Audeo, I just checked the weather..I won't be able to make these until next week- and then only if a front comes through and cools/dries things up a little. I am going to try them asap- if only to see if they're worth 37.00/box! Now Williams-sonama says that the candymakers take 3 days and is a painstaking process, but unless they're really going from scratch, llike when marshmallow plants were used to firm the sugar up, I don't see how it takes 3 days! thank you for taking the time to post that for me. I will let you know how they turn out. or if they turn out.


----------



## Audeo (Oct 30, 2004)

Southerncook, looks like you're going to have to wait a bit longer if the weather headed our way comes your way, too...which it does tend to do!

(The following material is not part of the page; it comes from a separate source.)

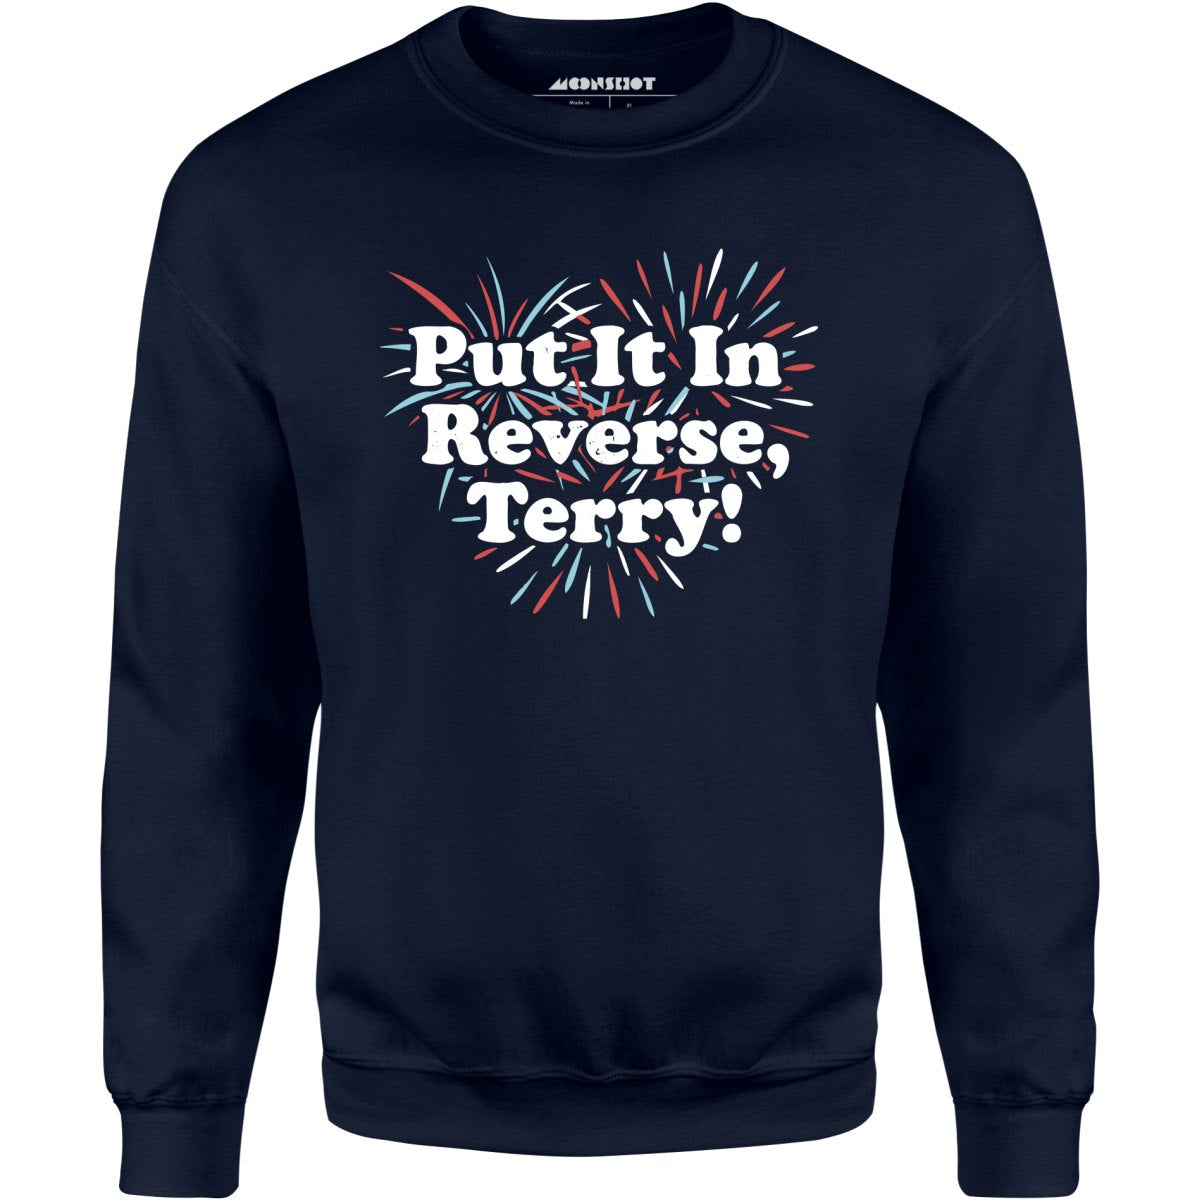 Put It In Reverse, Terry! - Unisex Sweatshirt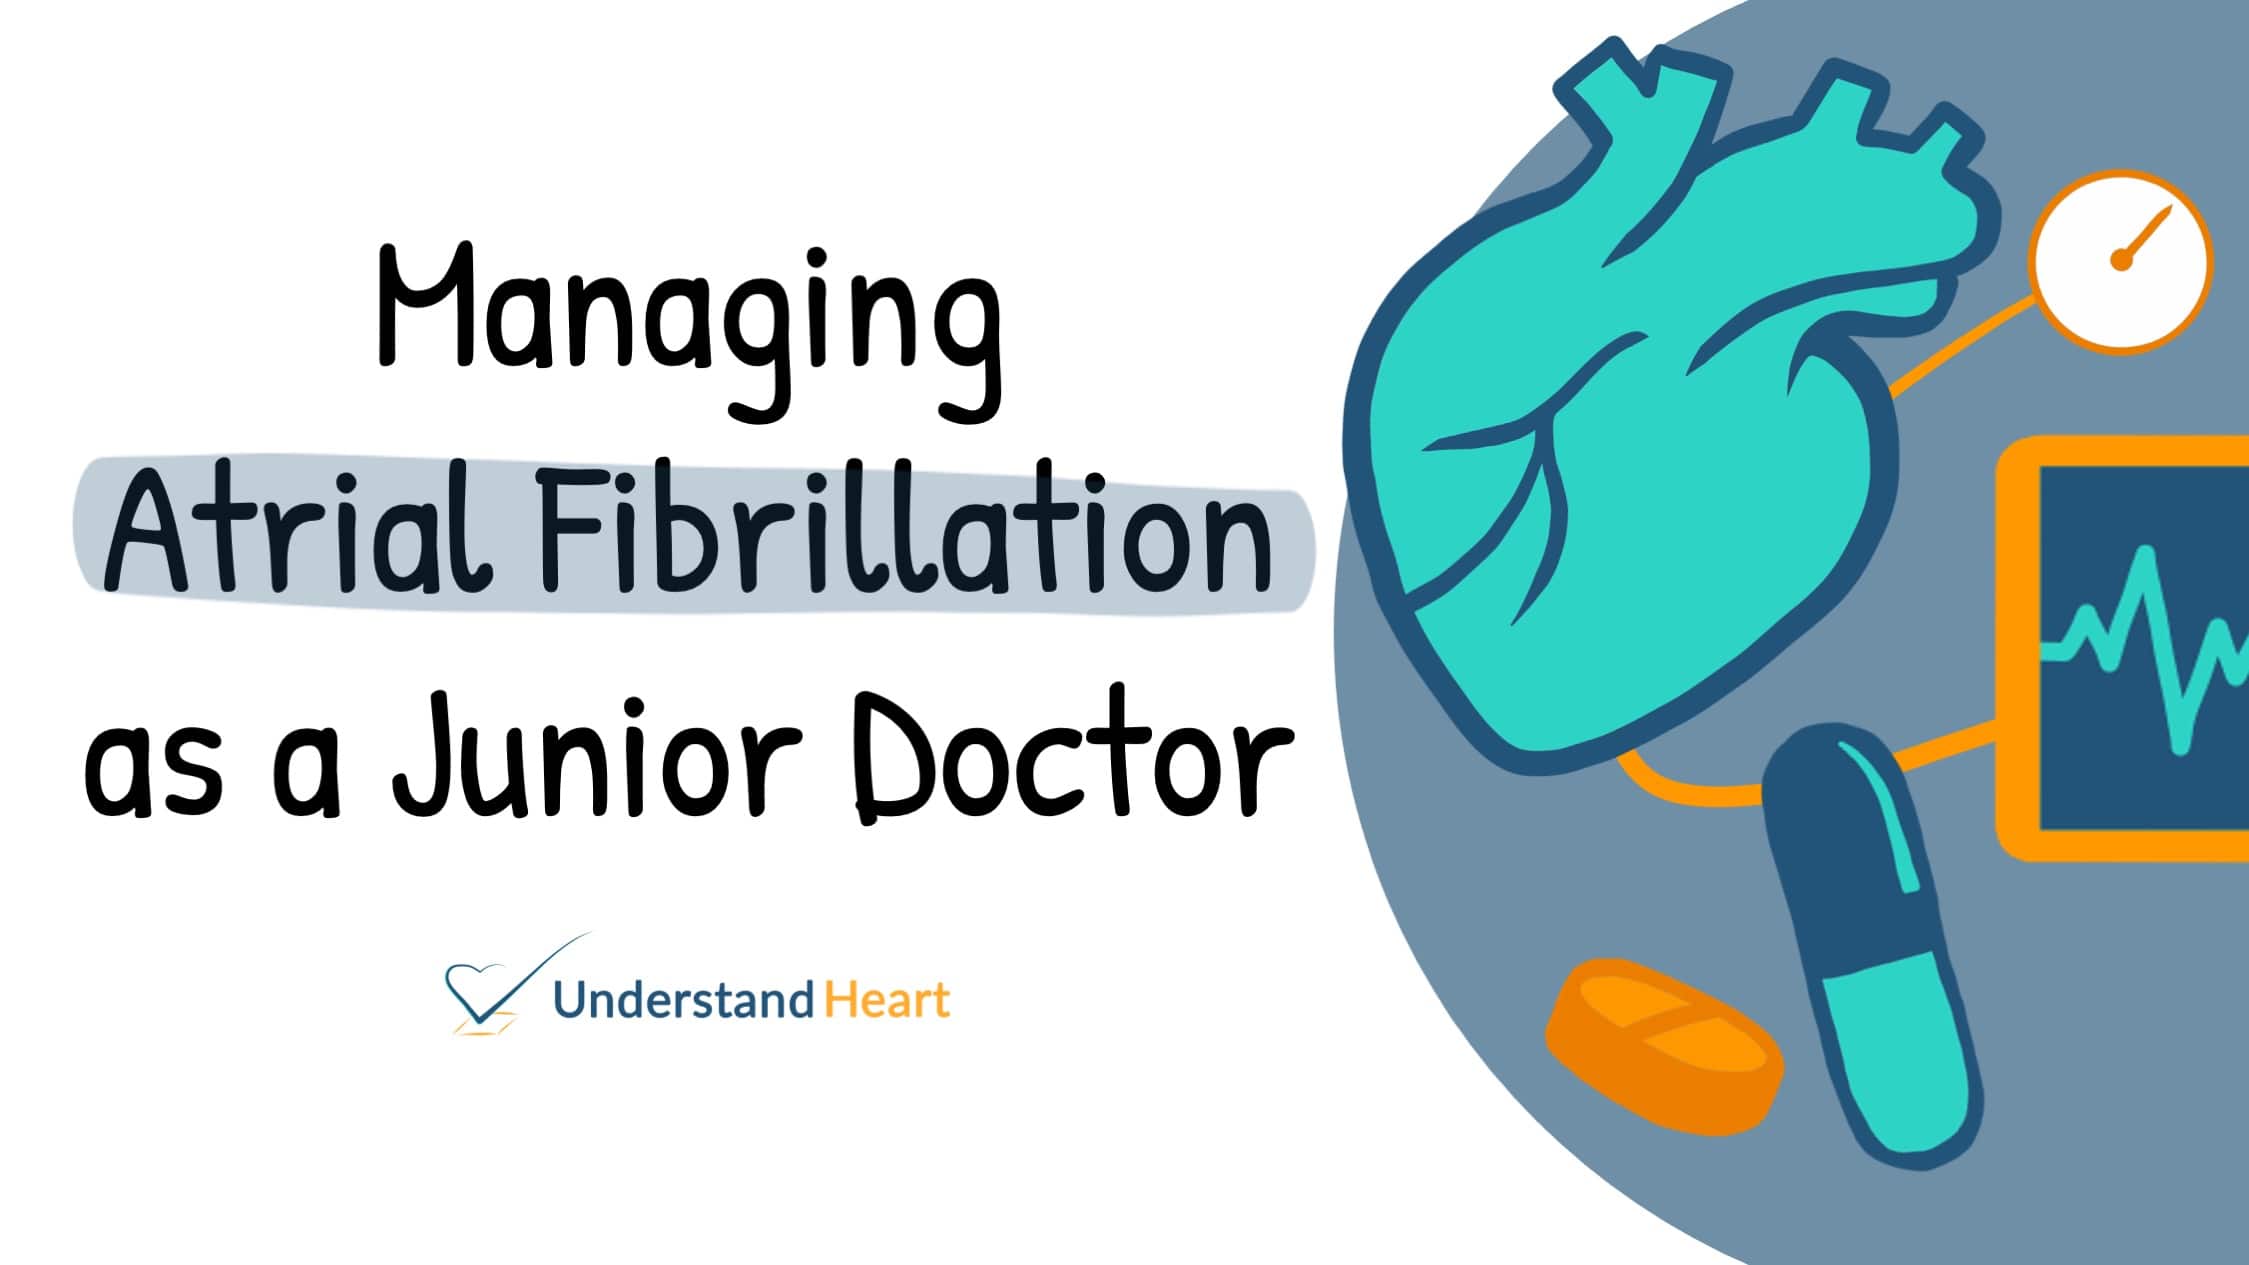 Atrial fibrillation management guide for junior doctors

Incidentally, I just received my Williams-Sonoma Fall catalog in the mail yesterday and found their very pricey marshmallows mentioning their "meticulous three-day process" in making them.  On one hand, I have to say that I've not ever been disappointed by W-S products.  On the other hand, the only reason I can come with a three-day process is that they assemble the ingredients and polish the copper candy bowl on day one, actually make the candy on day two, then wait until day three to cut the stuff!

In all seriousness, candymaking is secretive stuff!  It is entirely likely that the confectioner who is contracted to provide these to W-S is using this extended process of theirs for a reason.  What that reason is, I can't imagine, because it wouldn't improve the texture or the "airiness" one whit.  It certainly is an attention-getter in print, though!

I would be interested to know if anyone else out there has any insight...


----------